Дед глянул искоса на казака:
— Токмо с вином — не шибко-то!
— Не… если только разок-другой, по маленькой! — заверил главу дома Ефим.
Когда на веранде остались Плещеев, Ефим, все тот же Никита, за уголок стола присели и молодуха с девкой-красавицей.
— То сеструха моя, Анька! — познакомил Юрия с казачками Ефим, — А это — Глаша, вдова моего брательника старшего. У нас, вишь, как… Когда много чужих за столом, женщины не садятся. Только ежели свои, тогда — да.
Они все вместе спели «Ой, то не вечер». Душевно получилось, и казачки внесли свою лепту в красоту песни.
— Ваш-бродь! — обратился к Плещееву Никита, — Мабуть вы еще песен знаете? Я слышал, Некрасгутарил, что, дескать, сами песни сочиняете?

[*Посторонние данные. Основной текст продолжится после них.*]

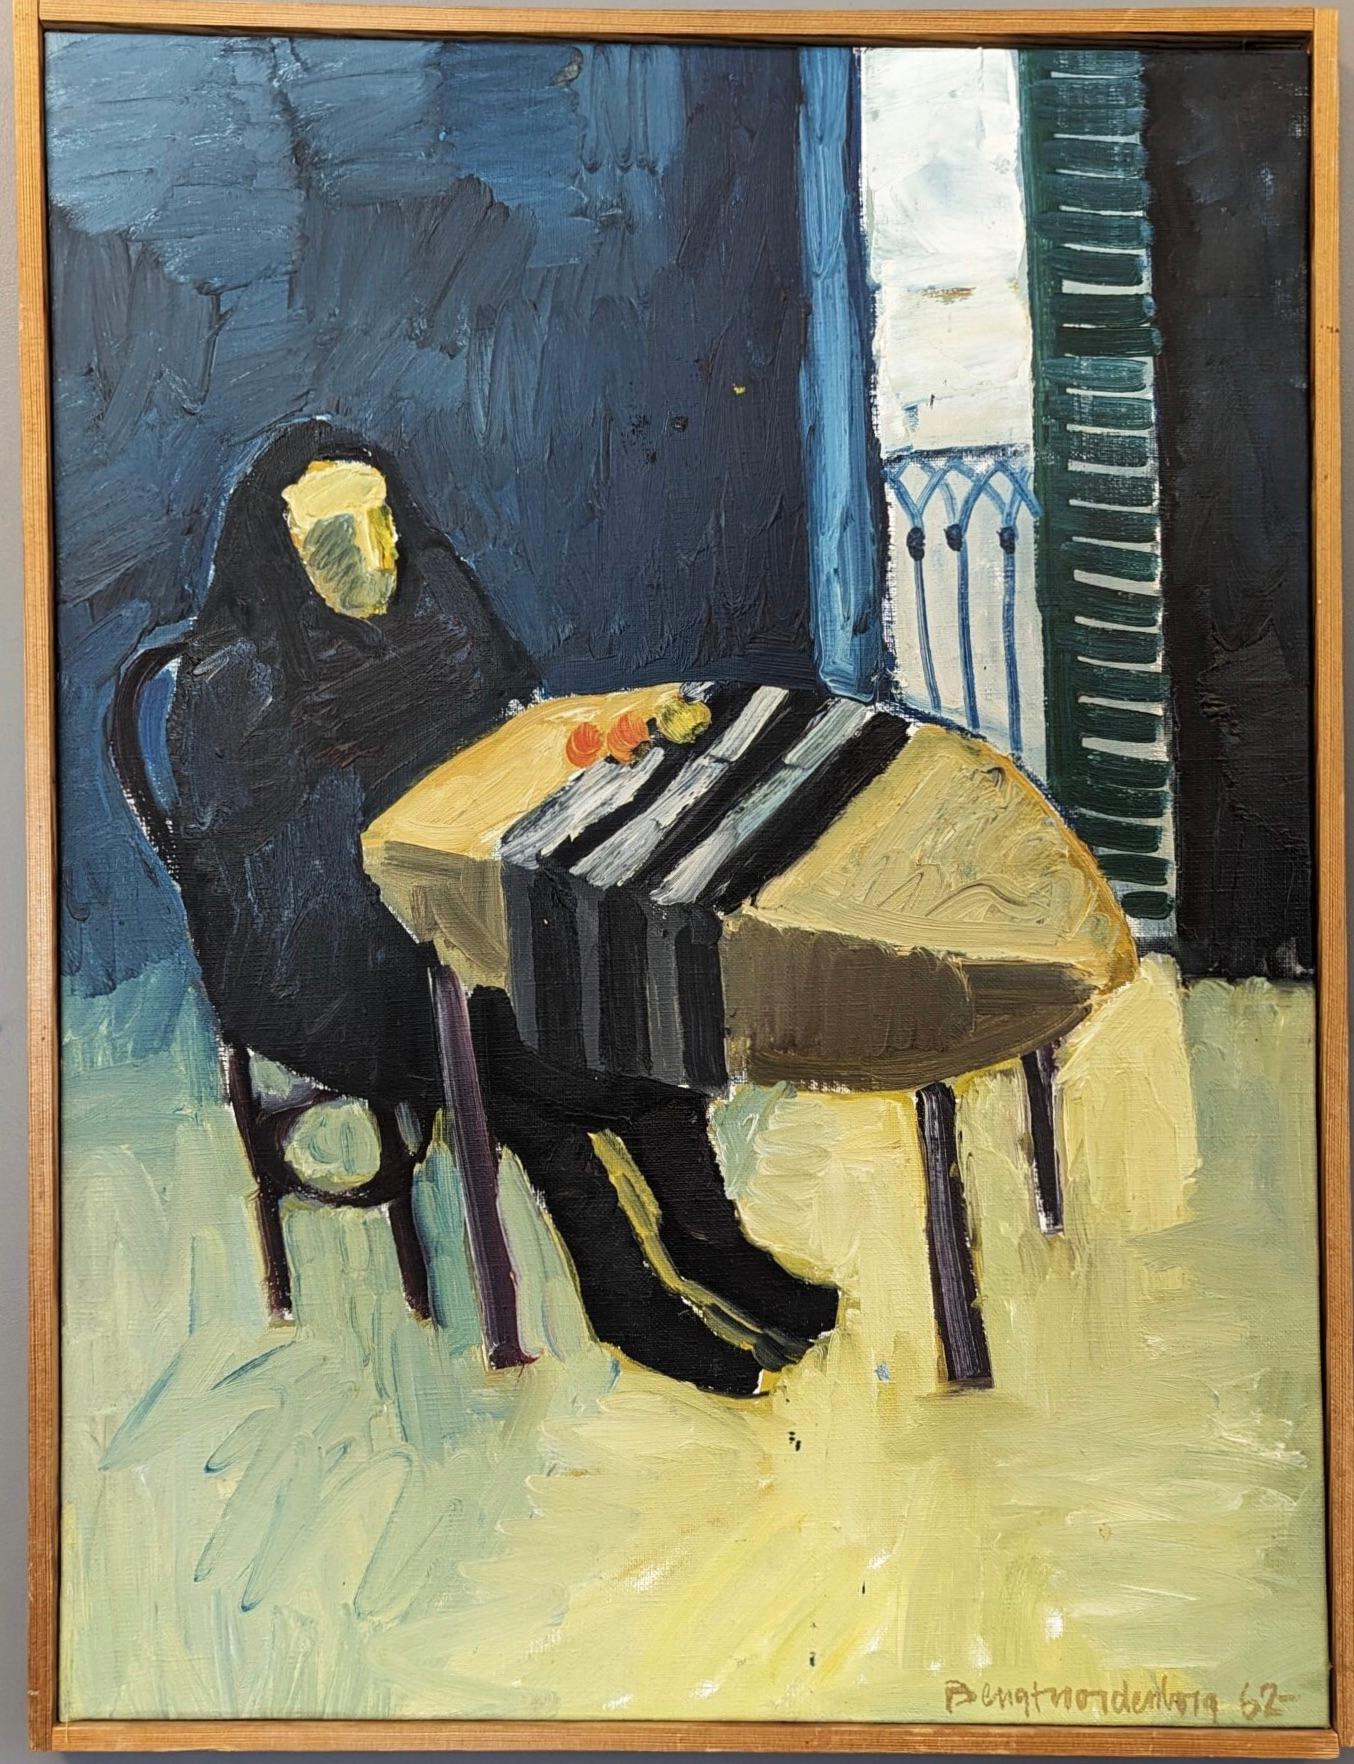 Unknown Figurative Painting - Vintage Mid-Century Swedish Modern Figurative Oil Painting - The Lonely Diner
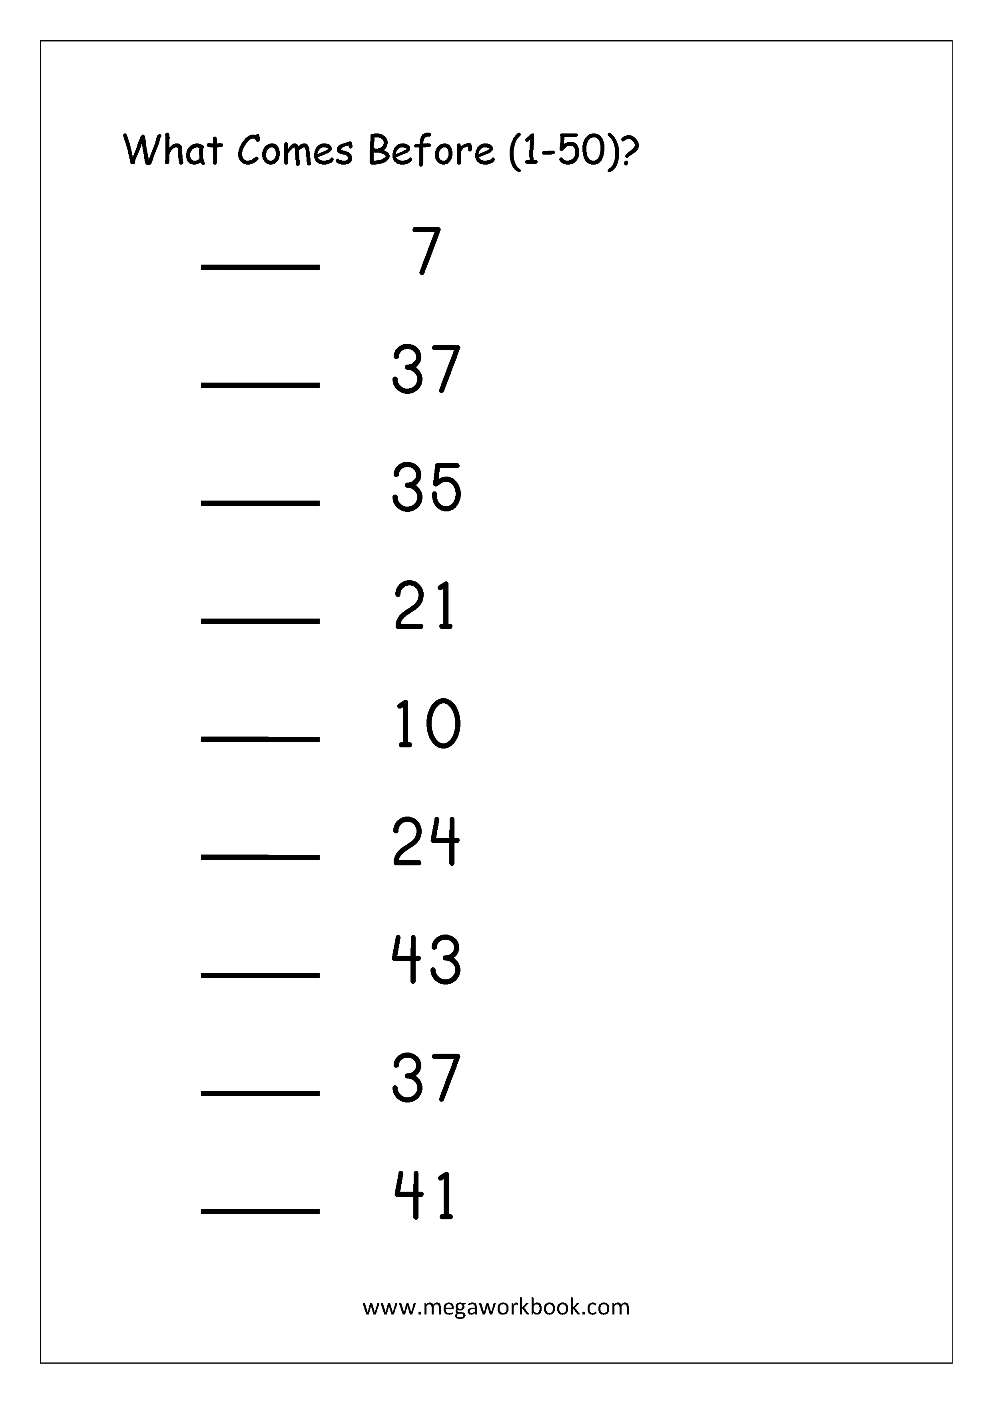 ordering-numbers-worksheets-missing-numbers-what-comes-before-and-after-number-1-10-1-20-1

— Ну все, ваш-бродь, теперь этот песенник от вас не отстанет! — засмеялся Ефим, — Никитка страсть, как петь любит. За то и девками любим!

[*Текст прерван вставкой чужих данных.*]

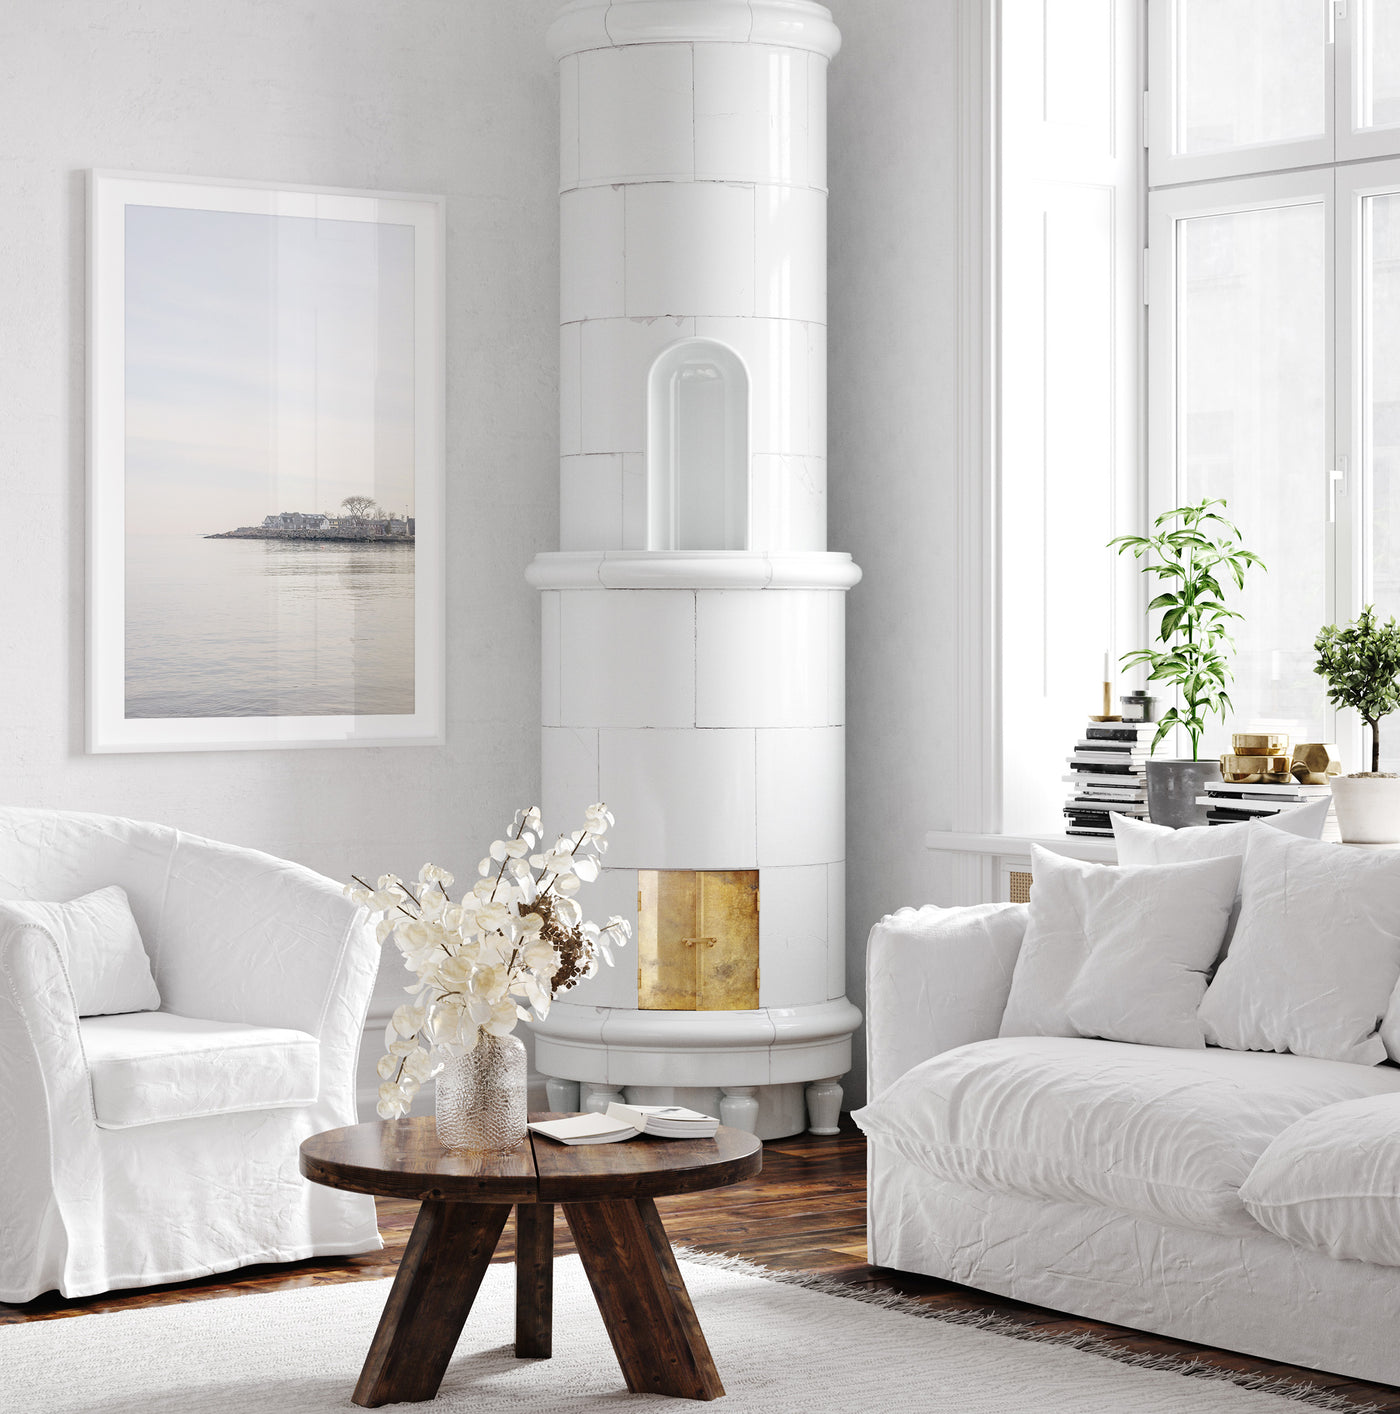 Rockport, MA - Art print by Cattie Coyle Photography in Scandinavian living room

Тут казак подмигнул своей сеструхе, которая, вспыхнув алым маком, сорвалась со скамьи и, возмущенно зыркнув на брата, унеслась в дом.
— Токма ты, Никита, заруби на носу! Ежели по серьезному, тогда — как дед скажет! А ежели за-ради баловства, то…
Ефим поднес немалый кулак к носу младшего товарища.
— Да что же… Ефим! Сколько раз же говорено! Всурьез у меня к Анке! — смутился казак.
Влезла с репликой доселе молчавшая молодка-вдова:
— Да уж… У тебя, Никитка, что-то уж больно часто всурьез! Да все к разным девкам!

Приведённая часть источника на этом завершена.